Читать книгу Nitric Oxide in Plants - Группа авторов - Страница 28

During water deficit, plant functioning (plant growth and photosynthesis) is affected adversely. However, through stomatal closure, plants can overcome a temporary drought. But in long-term drought situations, suppressed leaf expansion, leaf excision, and changes in root morphology have been observed. The vulnerability of different plants to water deficiency is largely dependent upon their structural and physiological modifications to water stress (Santisree et al. 2015).
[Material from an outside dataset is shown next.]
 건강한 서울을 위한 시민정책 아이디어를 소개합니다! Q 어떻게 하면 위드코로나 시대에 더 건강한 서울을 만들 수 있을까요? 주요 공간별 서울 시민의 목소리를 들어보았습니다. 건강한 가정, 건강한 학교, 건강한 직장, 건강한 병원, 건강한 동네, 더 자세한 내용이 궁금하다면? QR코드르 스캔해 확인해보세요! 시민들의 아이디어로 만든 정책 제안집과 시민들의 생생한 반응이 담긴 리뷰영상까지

It has been speculated that slight water deficiencies lead to an increased level of NO production in the roots of cucumber plant. Pretreatment with extrinsic NO, e.g. 100 μM sodium nitroprusside (SNP) and GSNO was capable of neutralizing drought-induced membrane impairment and peroxidation of lipid in water-deficient plants. SNP (200 μM), an NO donor, has also been recognized to employ a shielding effect (improved growth, rise in water content, and less oxidative destruction) in wheat plantlets under polyethylene glycol-induced water stress (Zeppel et al. 2015). The capability of NO to manage drought stress might be linked to its direct effect as an antioxidant, the effects on root physiology, and a role in closure of stomata. In guard cells, NO is involved in the stimulation of intracellular Ca²⁺release, and regulates Ca²⁺-sensitive K⁺ and Cl⁻ channels in the plasma membrane (Simontacchi et al. 2015).
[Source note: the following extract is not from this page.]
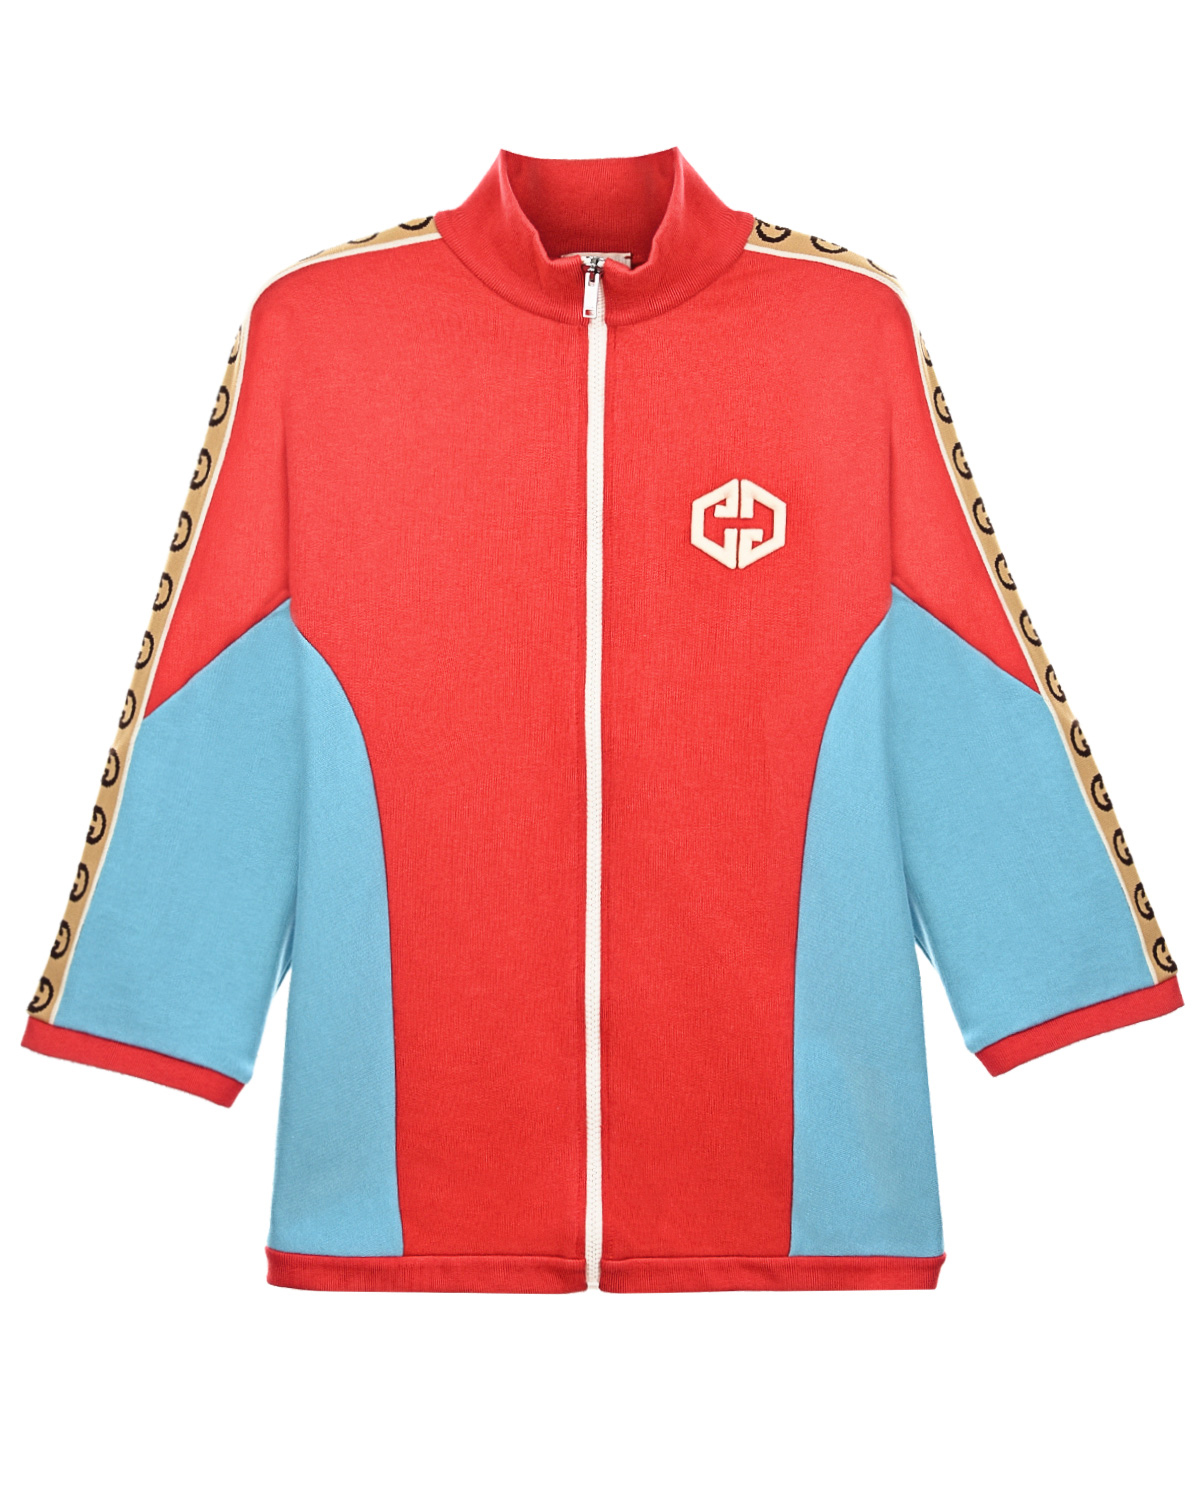 Красная спортивная куртка с голубыми вставками GUCCI детская

In agriculture, one limitation is the low accessibility of some essential nutrients, which delivers varied surroundings to the plant. Plants have numerous mechanisms to extract minerals from the soil including major changes in the root growth pattern, the improved ability to obtain nutrients from depleted environments, and also the release of different substances that facilitate nutrient availability in the close proximity of roots, thus favoring their accumulation by roots. Recent study indicates that NO is involved in the modulation of these aforementioned mechanisms (Lambers et al. 2011). For example, in white lupin (Lupinus albus) at low phosphorus levels, the contribution of NO in plant responses has been observed and confirmed. Along with this plant, in other dicots and monocots, phosphorus deficiency mediates root branching followed by the release of exudates, comprising organic acids (Wang et al. 2014), which facilitate plants to increase P acquisition. From this perspective, it has been indicated that white lupin roots exposed to P deficiency exhibited heightened accumulation of NO, which was directly linked to the clustering of roots and increased exudation of citrate compounds. Sequentially, the addition of NO donors (e.g. SNP and GSNO) leads to the propagation of cluster roots, whereas NO scavengers (e.g. cPTIO [2-4-carboxyphenyl-4,4,5,5-tetramethylimidazoline-1-oxyl-3-oxide]) eradicate this progression (Palavan-Unsal and Arisan 2009).